Unicameral legislature of Papua New Guinea

The National Parliament of Papua New Guinea is the unicameral national legislature in Papua New Guinea. It was created in 1964 as the House of Assembly of Papua and New Guinea but gained its current name after the nation was granted independence in 1975.

==Composition and electoral system==
The 111 members of parliament serve five-year terms, 89 of whom are chosen from single-member "open" electorates, which are sometimes referred to as "seats" but are officially known as constituencies. The remaining 22 are chosen from single-member provincial electorates: the 20 provinces, the autonomous province of Bougainville, and the National Capital District. Each provincial member becomes governor of their province unless they take a ministerial position, in which case the governorship passes to an open member of the province.

From 1964 until 1977 an Optional Preferential Voting System was used. The first past the post system was used from 1977 until 2002. Electoral reforms introduced by former Prime Minister Mekere Morauta introduced Limited Preferential Voting, in which voters numbered three preferred candidates. LPV was first used nationally in the 2007 election.

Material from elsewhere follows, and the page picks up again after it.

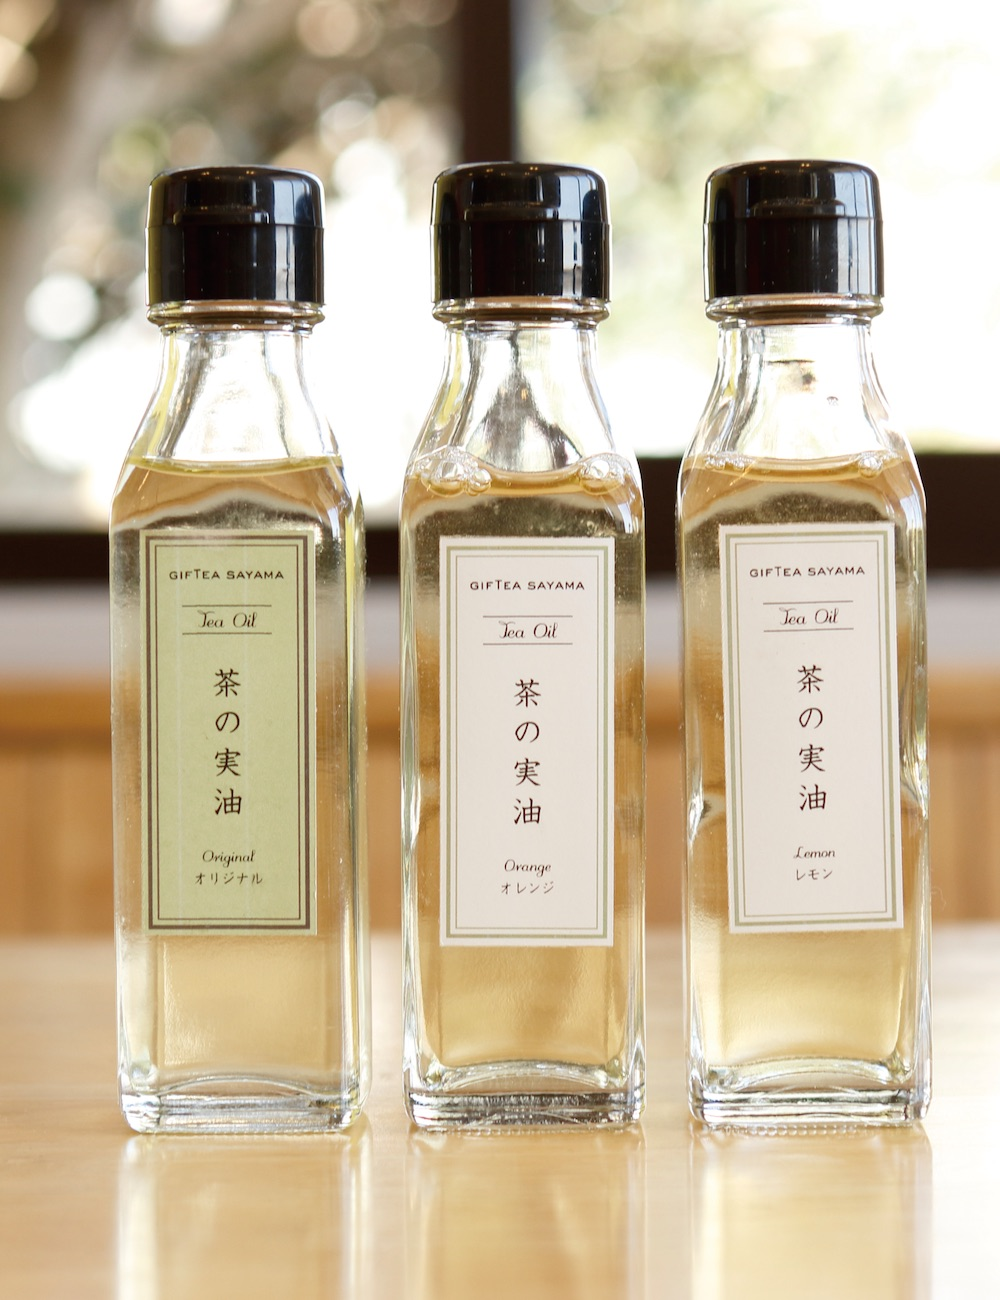 น้ำมันชาซึ่งได้จากผลชานั้นนำมาใช้บำรุงผิวพรรณได้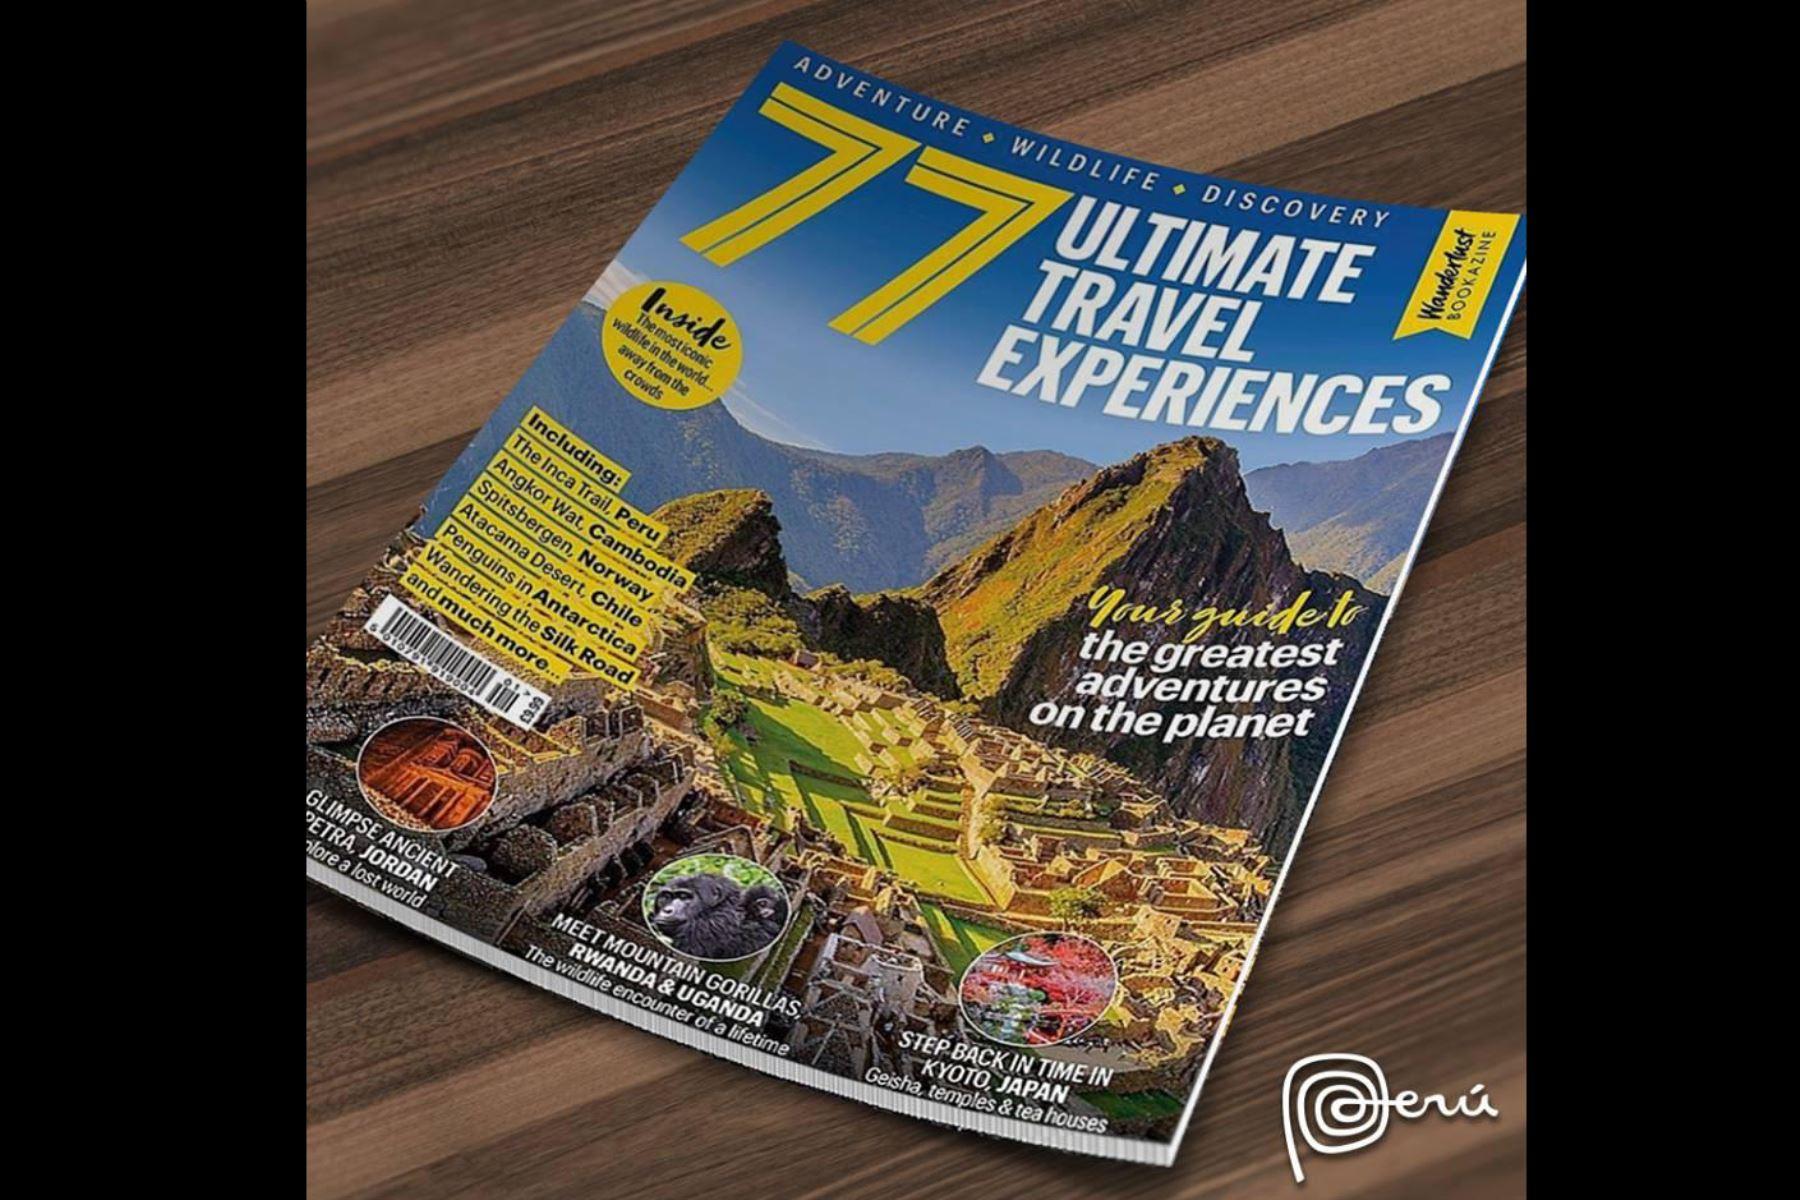 La revista britáanica Wanderlust resaltó a la ciudadela de Machu Picchu en su portada versión especial con las 77 mejores experiencias de viaje. Foto: Promperú

The prime minister of Papua New Guinea is elected by members of parliament in accordance with section 142 of the national constitution, before being formally appointed by the governor-general of Papua New Guinea. All other government ministers – who form the National Executive Council and act as the country's cabinet – are appointed by the governor-general on the advice of the prime minister. Each government minister must be a member of parliament and section 141 of the constitution provides for the executive to be responsible to the legislature as the representative of the people of Papua New Guinea.

Papua New Guinea has a fractious political culture, and no party in the history of parliament has yet won a majority. Therefore, negotiations between parties have always been necessary to form governments. New governments are protected from votes of no confidence during their first 18 months and during the last 12 months before a national election. More recently, in a move aimed at further minimizing no-confidence motions, then-Prime Minister Mekere Morauta introduced changes that prevented members of the government from voting in favour of such a motion.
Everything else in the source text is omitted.